Accordingly, the order of the Supreme Court, New York County (Helen E. Freedman, J.), entered January 22, 2003, which granted defendant Port Authority’s motion for summary judgment dismissing the complaint, should be modified, on the law, the negligence cause of action reinstated, and the matter remanded for further proceedings not inconsistent herewith, and otherwise affirmed, without costs.
Nardelli, J.P., Saxe and Sullivan, JJ., concur.

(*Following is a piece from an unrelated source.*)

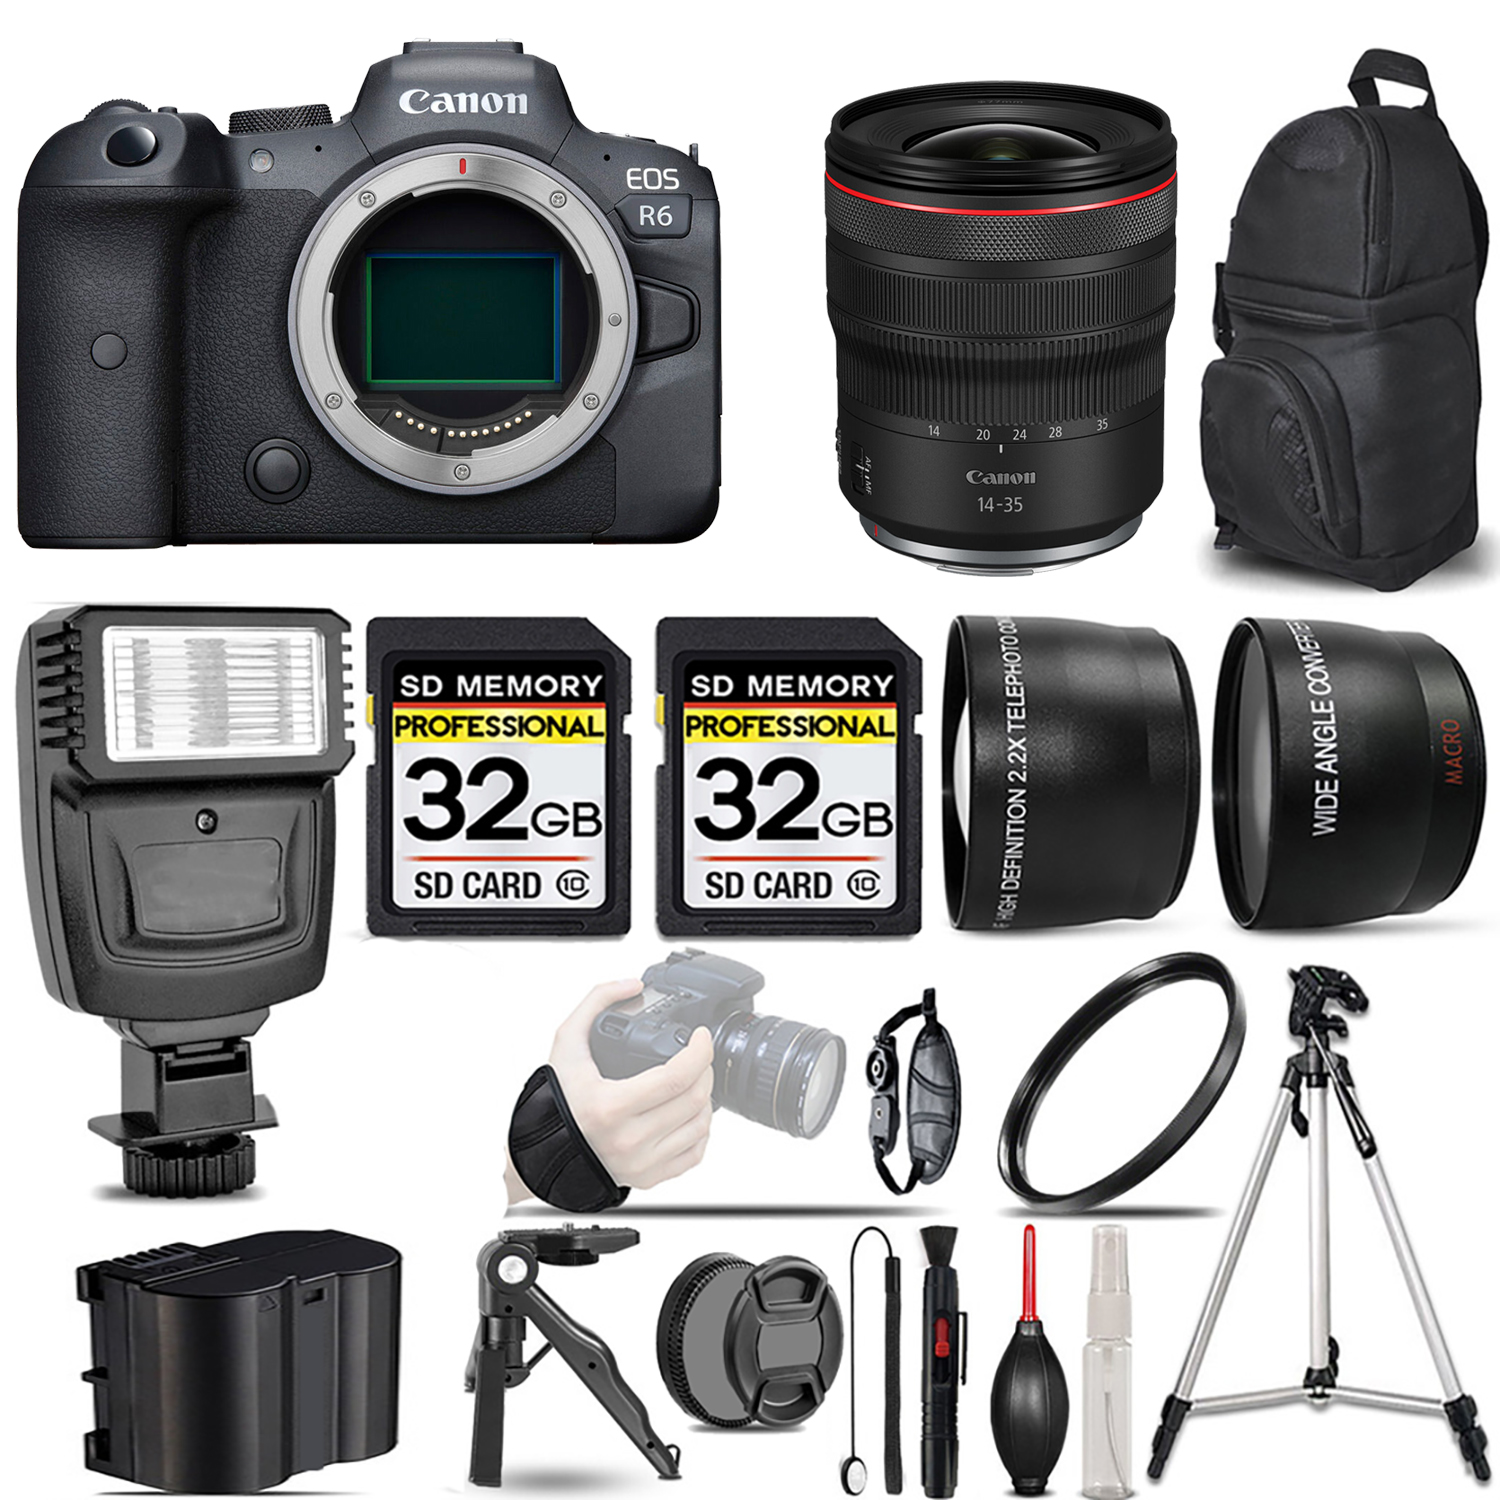 EOS R6 Mirrorless Camera + 14- 35mm f/4 L IS USM Lens + Flash + 64GB - Kit *FREE SHIPPING*

Order, Supreme Court, New York County, entered January 22, 2003, modified, on the law, the negligence cause of action reinstated, and the matter remanded for further proceedings not inconsistent herewith, and otherwise affirmed, without costs.
Notes
. The Port Authority also argued that plaintiffs had failed to adduce evidence showing that the wife was exposed to asbestos during her employment at LaGuardia Airport. This theory of liability is not at issue on this appeal.
. The issue of whether the Port Authority knew or should have known of the risks of secondary exposure remains an open one, and our holding is limited to a finding that the Port Authority failed to demonstrate a lack of duty as a matter of law.